The expectation to talk about blindness
I’ve posted here before about how often I encounter a preoccupation with my blindness and particularly the need to ‘know’ details about my eyesight before moving on to a proper conversation, working together, providing me with directions to a shop or whatever. People often want to know the name of my eye condition, but most often, it is ‘how much’ I can see that interests them most. Their belief must be that somehow, if they knew the facts, if I would only give them a name and a number, they would then be able to move on enough to be able to deal with me and speak to me about other things.
Implicit in the questions is an assumption that I know all about the clinical diagnosis, am interested in it and that I could describe ‘how much’ I can see. The truth of the matter is that I have no idea ‘how much I can see’. The very question implies a comparison, and generally requires me to be able to provide a relative comparison with ‘normal’ sight. I really have no idea how to describe ‘how much’ I see as I’ve never seen any differently. My sight is contextual and I know what I see in different circumstances. It is easier to describe ‘what’ I see at any time, than how much, but even now in my late 50s, I am continually honing my understanding of my eyesight in order to work with it as well as I can.
While it is acceptable for sighted people to be fascinated by my small amount of eyesight, it is apparently not so for me to be fascinated with their abundance of it. I’ve often, in an attempt to playfully make the point, thrown the question back by saying, “well, you tell me how much you can see”. It is generally met with a little (as in belittling) dismissive laugh, silence or a comment like “I can’t tell you because I can see normally”.
I guess that beneath the clumsiness of these poorly articulated questions, the interest is really about the difference that I present. and while this is also of interest to me too, it comes from people who, and in situations where, the nature of the relationship does not warrant such depth of exploration.
I’ve never felt comfortable responding to these questions as they feel voyeuristic and intrusive, only serving to expose the disconnection and impossibility of real relationship emerging.

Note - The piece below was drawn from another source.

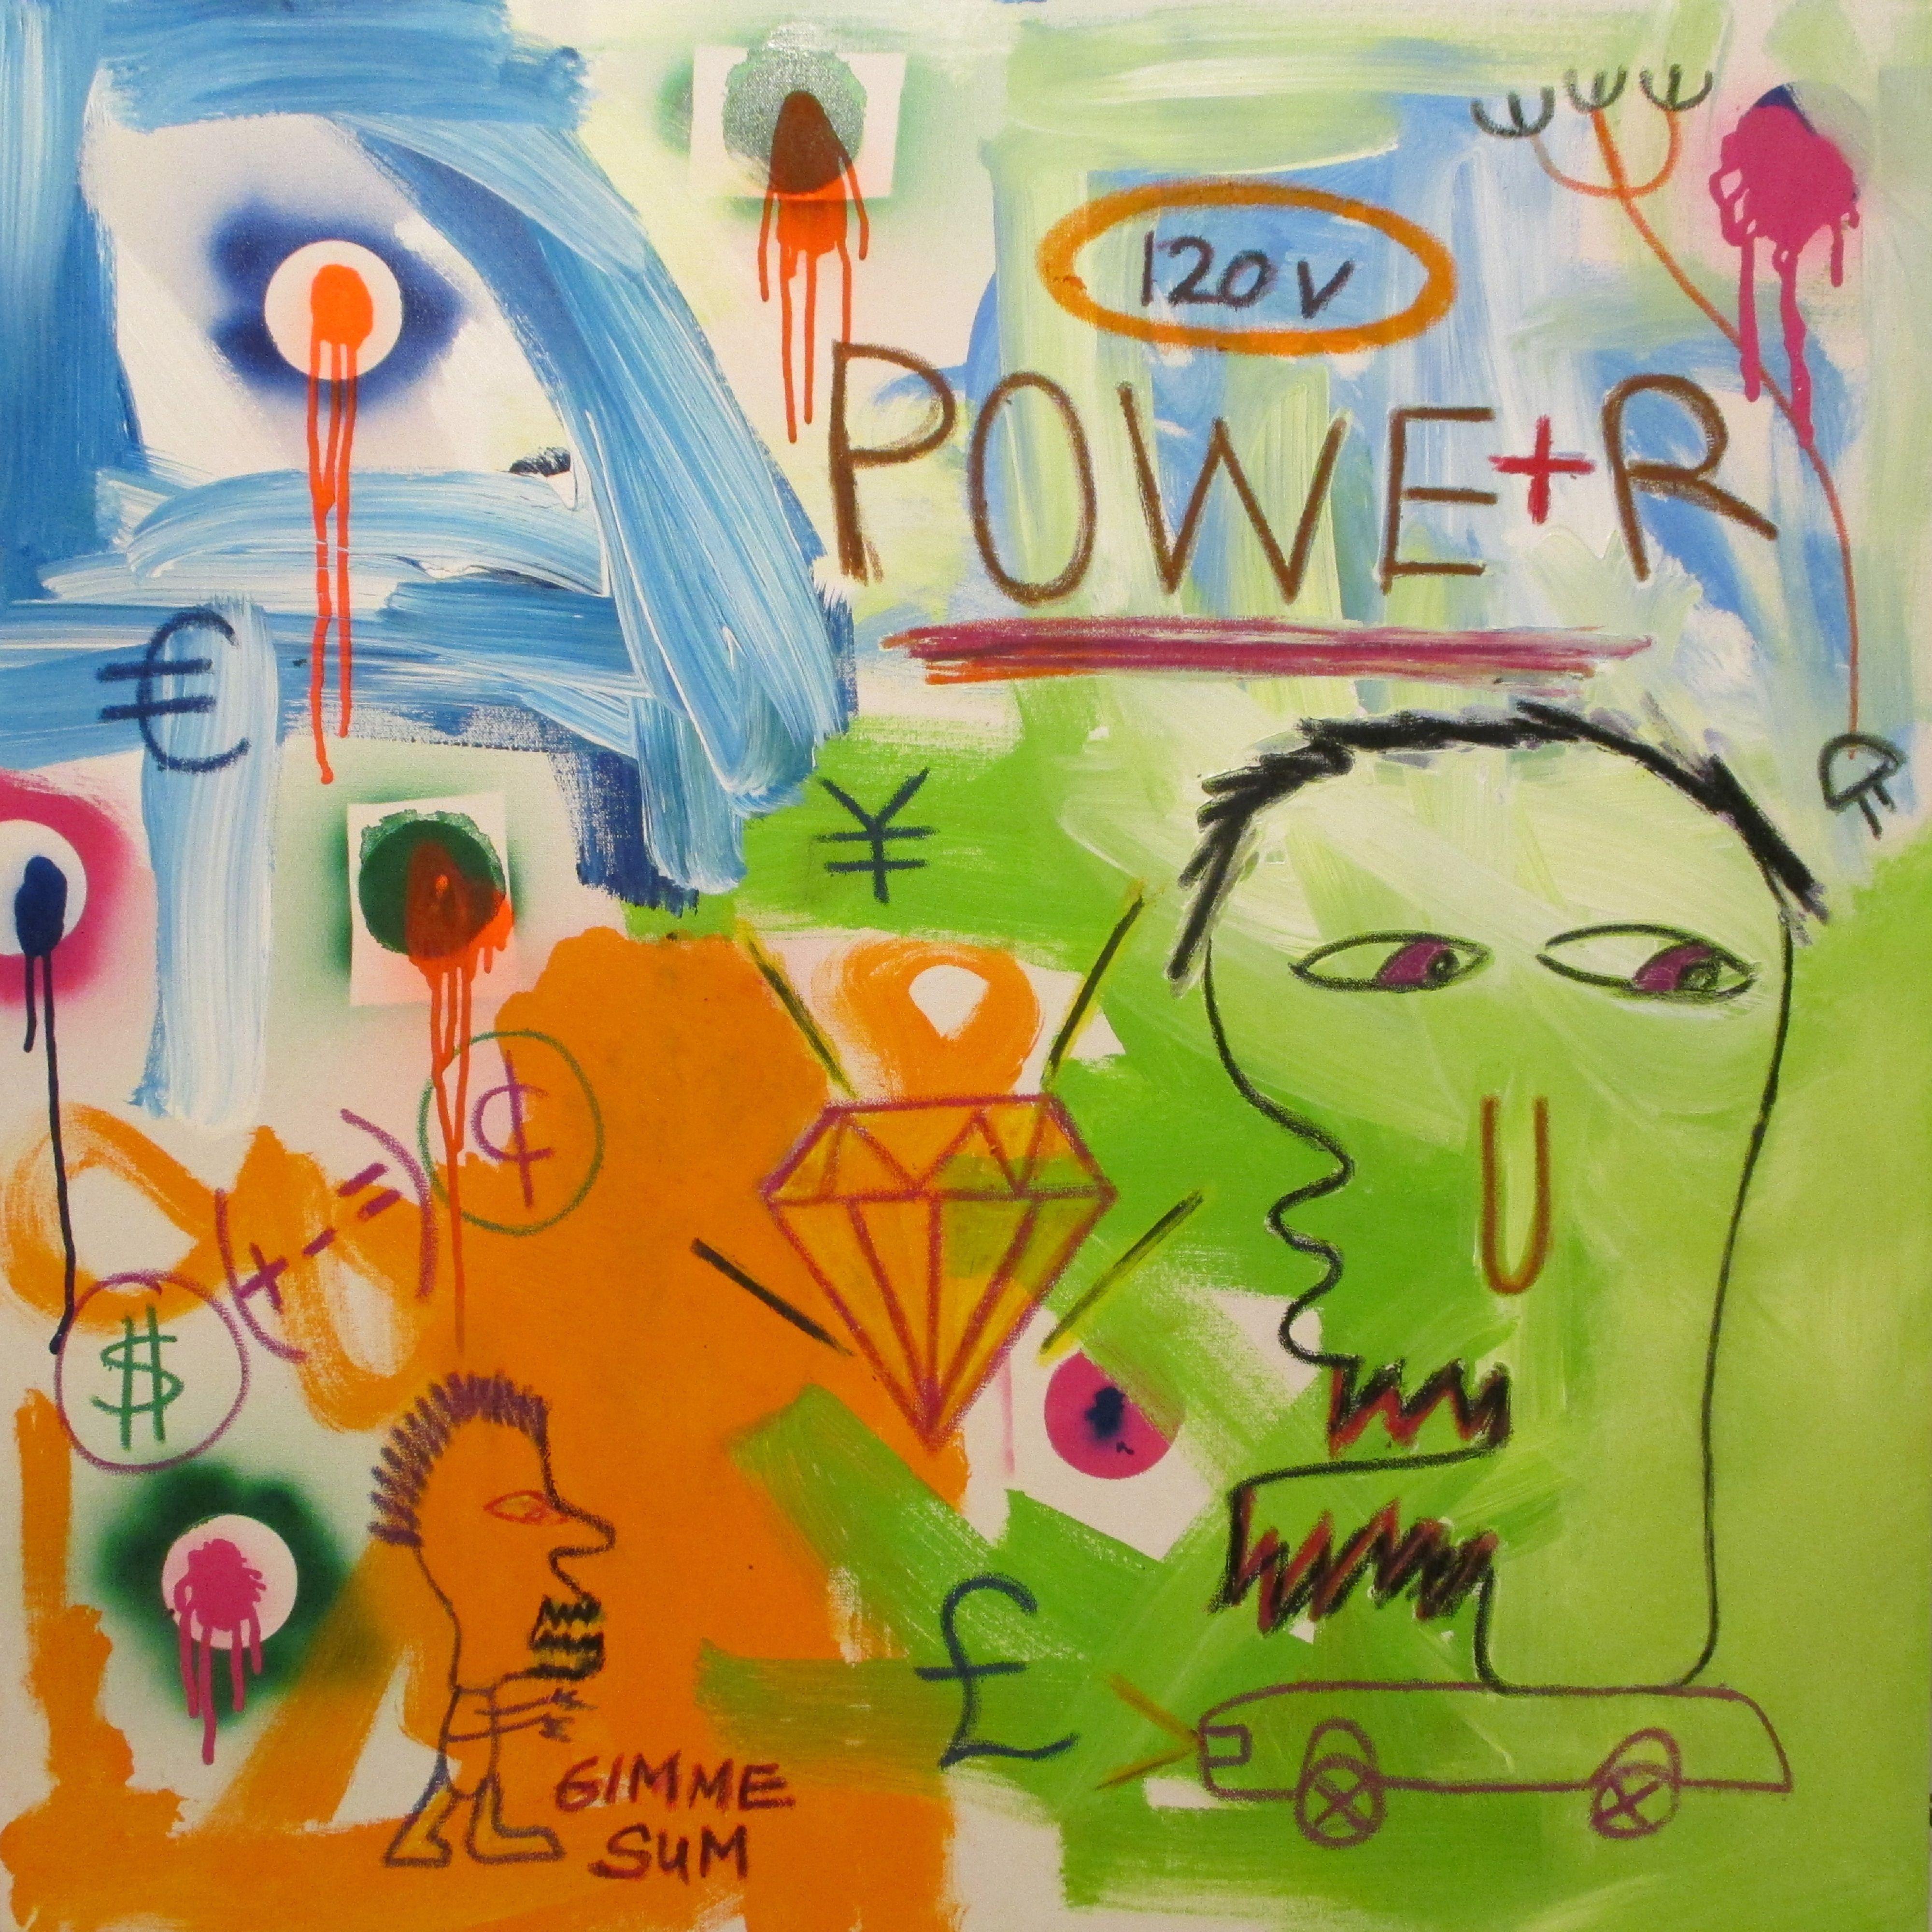 Power Gimme Sum Painting Art Pop Art Painting

Refusal to provide the information, however gently explained, tends not to be met favourably and I’m left feeling either that I’ve given too much, or am seen as troublesome or unnecessarily argumentative.

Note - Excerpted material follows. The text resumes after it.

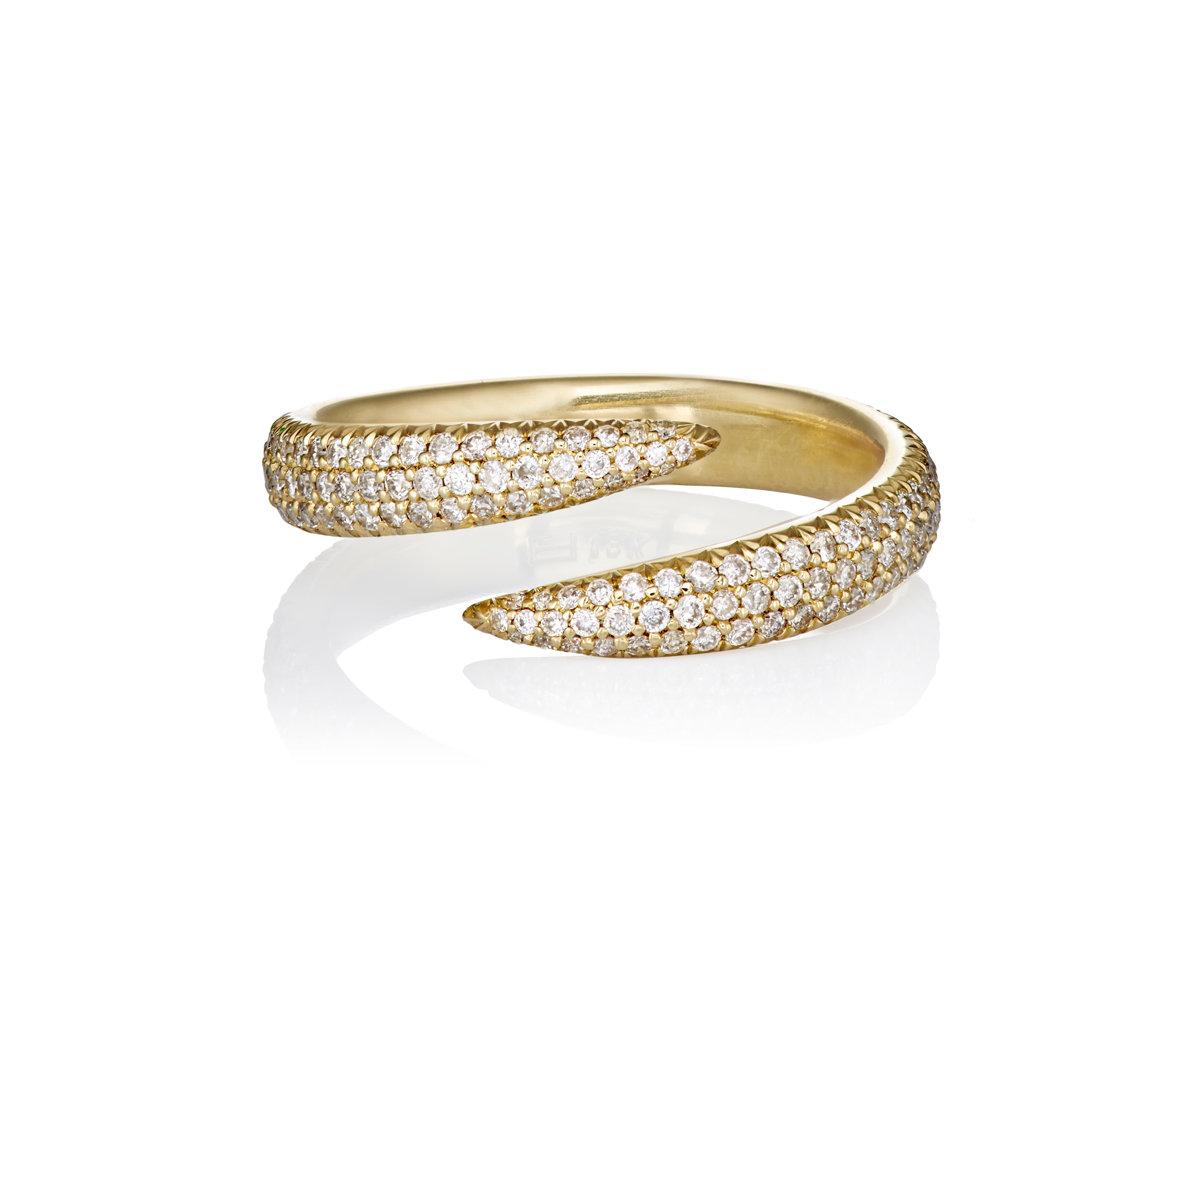 Eva Fehren Wrap Claw Pave Ring in Metallics KKKPv

I note how, throughout my life, I haven’t tended to develop friendships with the people who, albeit benignly, have started by expressing such a need to know. Instead, Friends’ awareness of me as a blind person has emerged through spending time together which is of course how most people get to know each other. Connections made through shared experiences or interests, discovered similarities or differences, similar ways of thinking or conducting conversations, humour and so on.